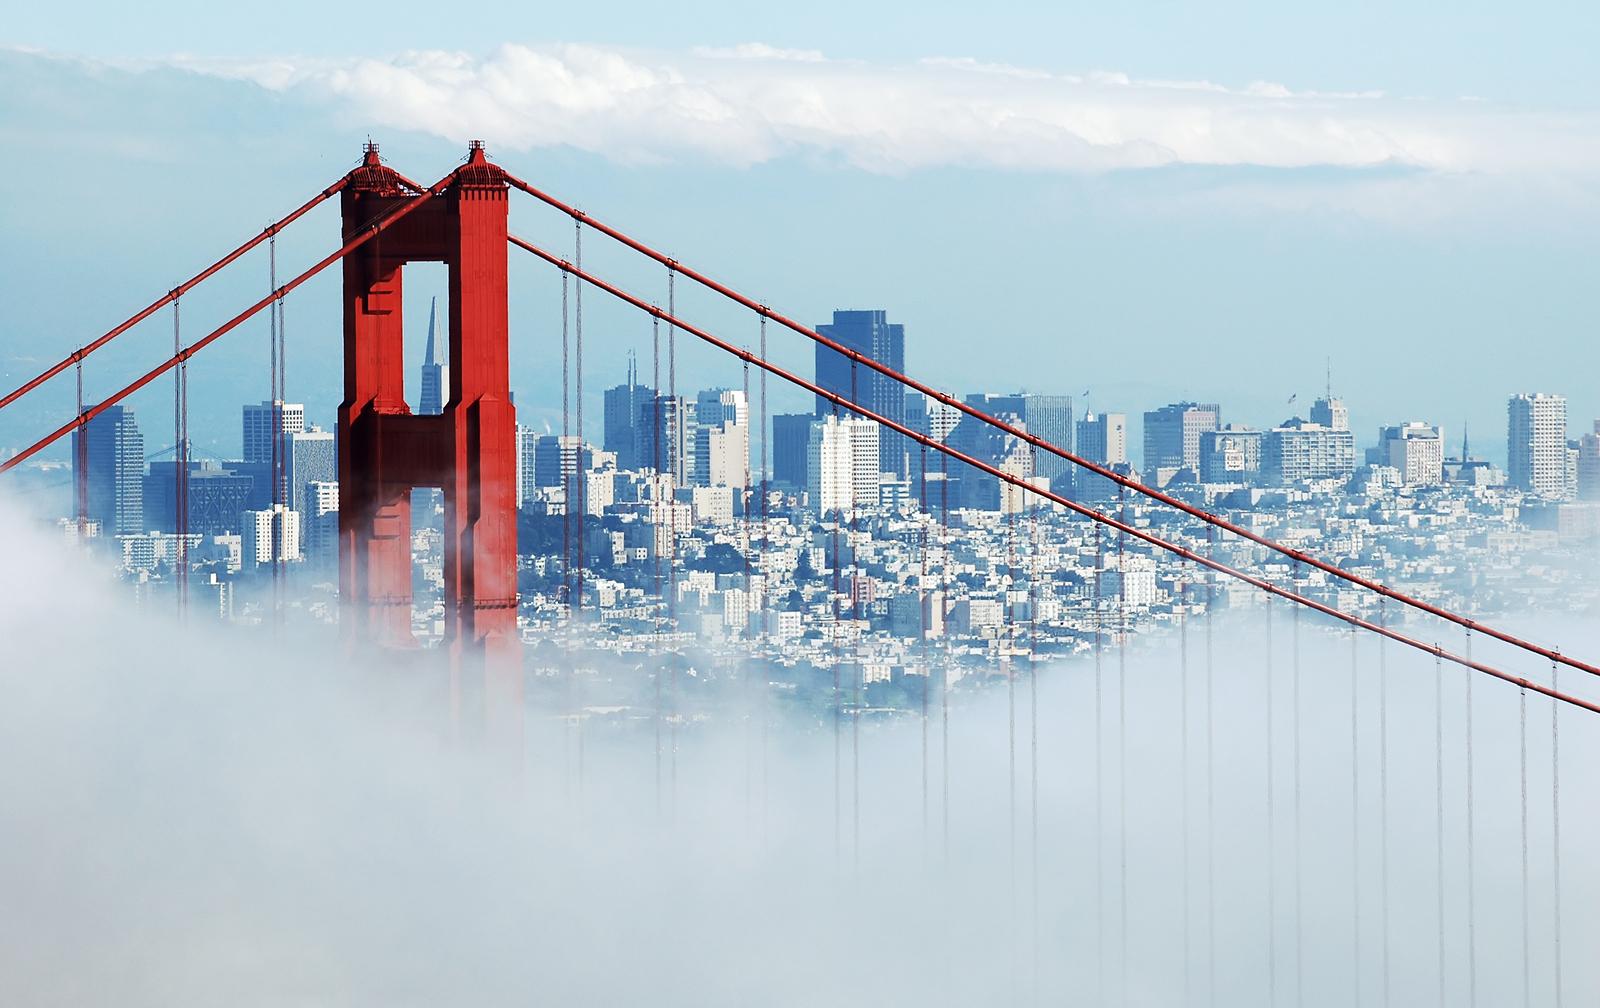 bigstock-Golden-Gate-Bridge-San-Franci-1374516(1).jpg
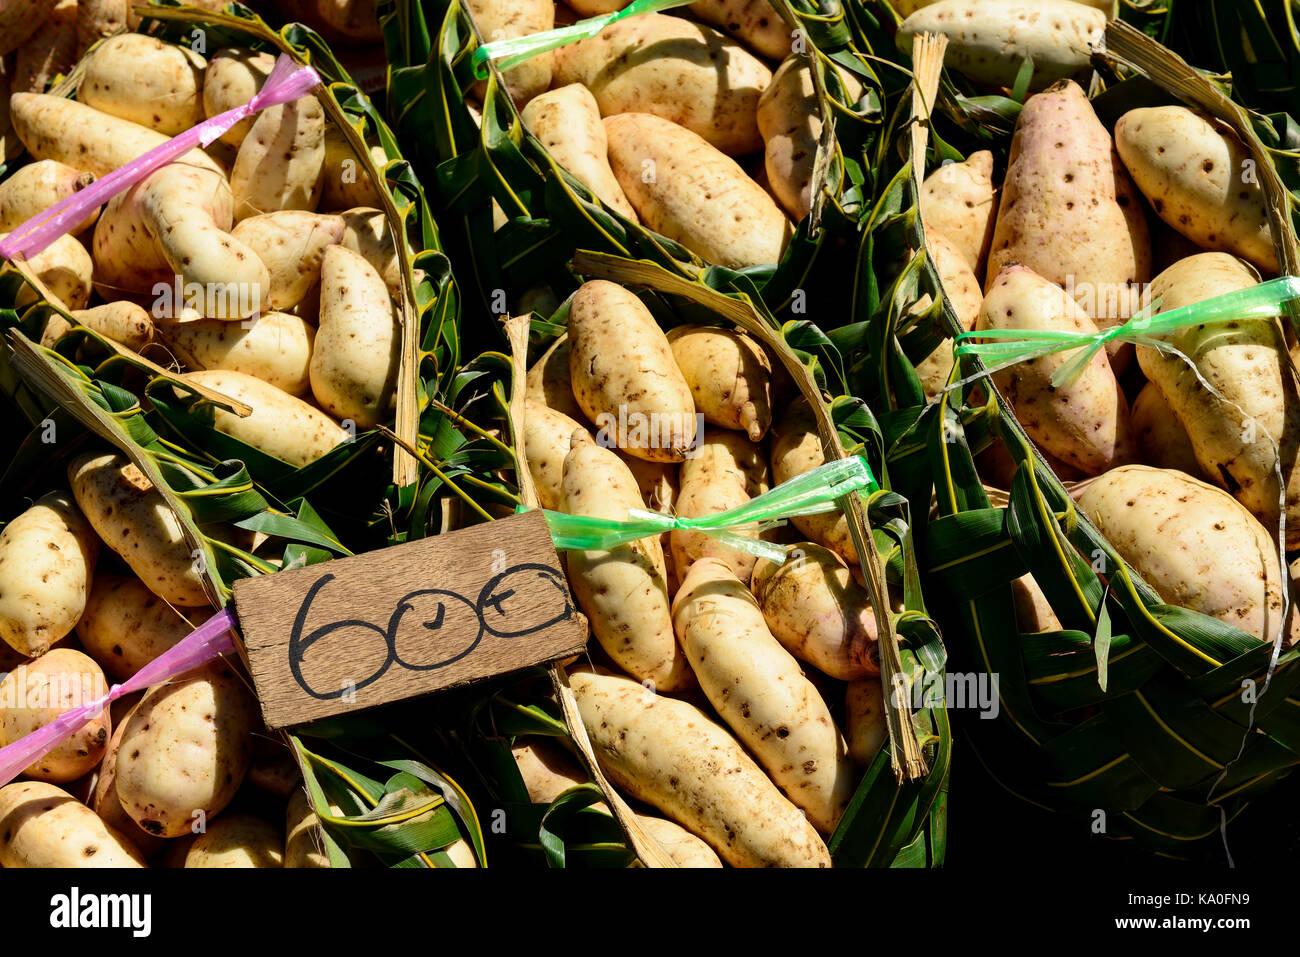 Potatoes on the market in Port Vila, Island of Efate, Vanuatu, South Sea, Oceania - Stock Image
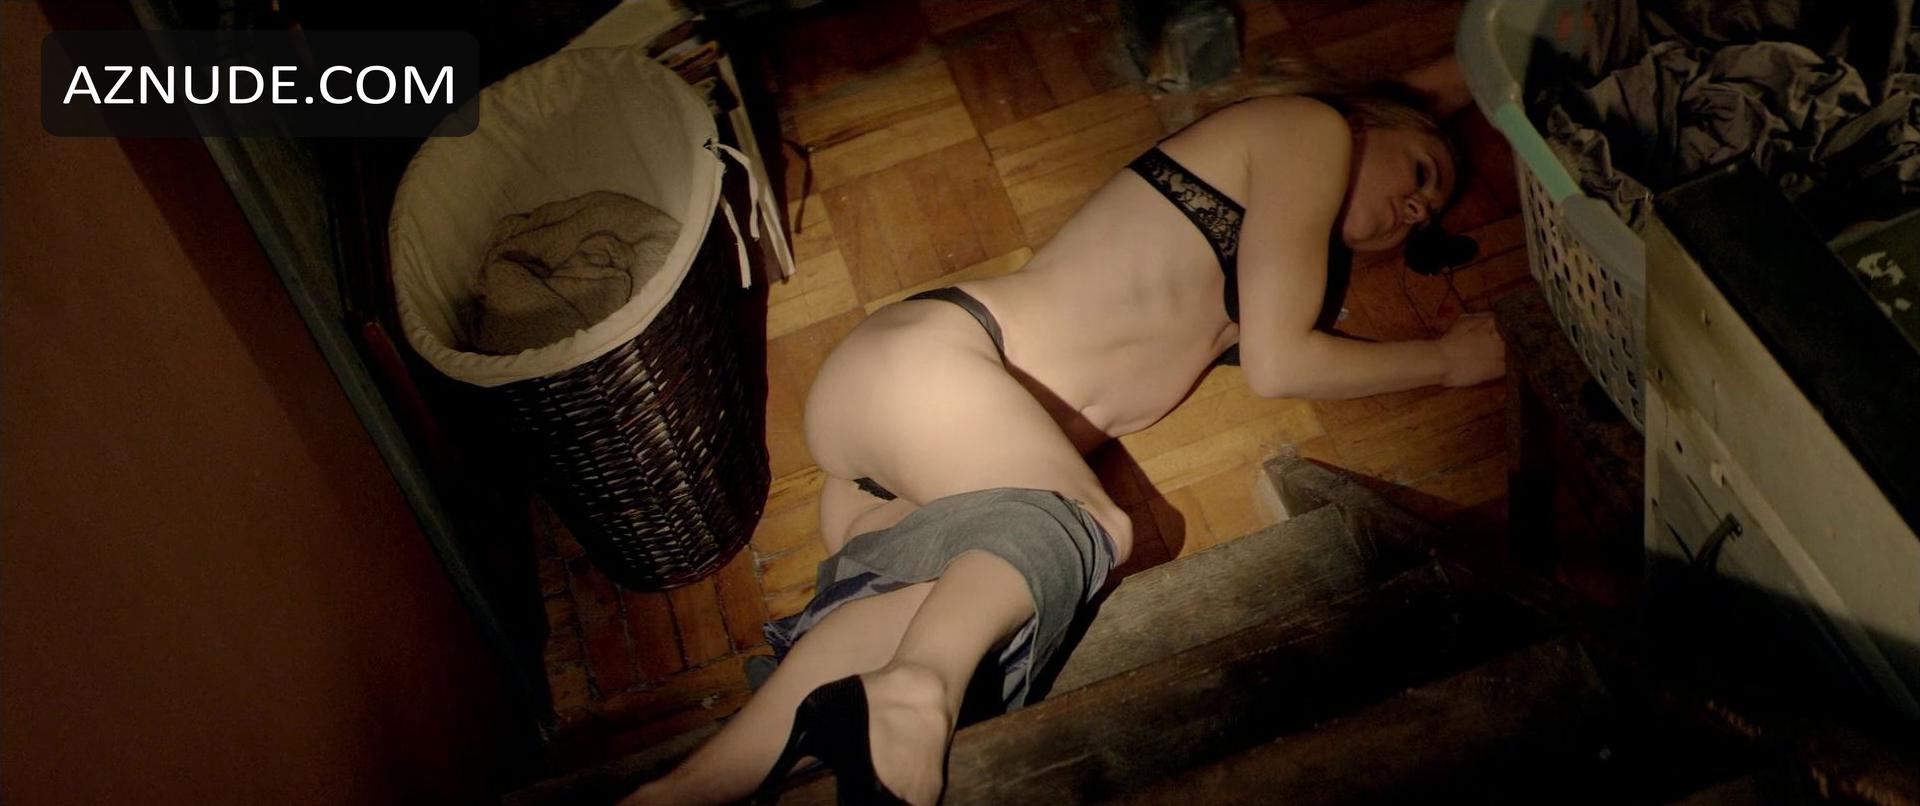 Nude sex in dark room opinion you

**REQUIRED ACTION:** In your answer, set down the full listing word for word and include no pictures.

**ANSWER SPACE:**
 bigstock-Golden-Gate-Bridge-San-Franci-1374516(1).jpg
 Potatoes on the market in Port Vila, Island of Efate, Vanuatu, South Sea, Oceania - Stock Image
 Nude sex in dark room opinion you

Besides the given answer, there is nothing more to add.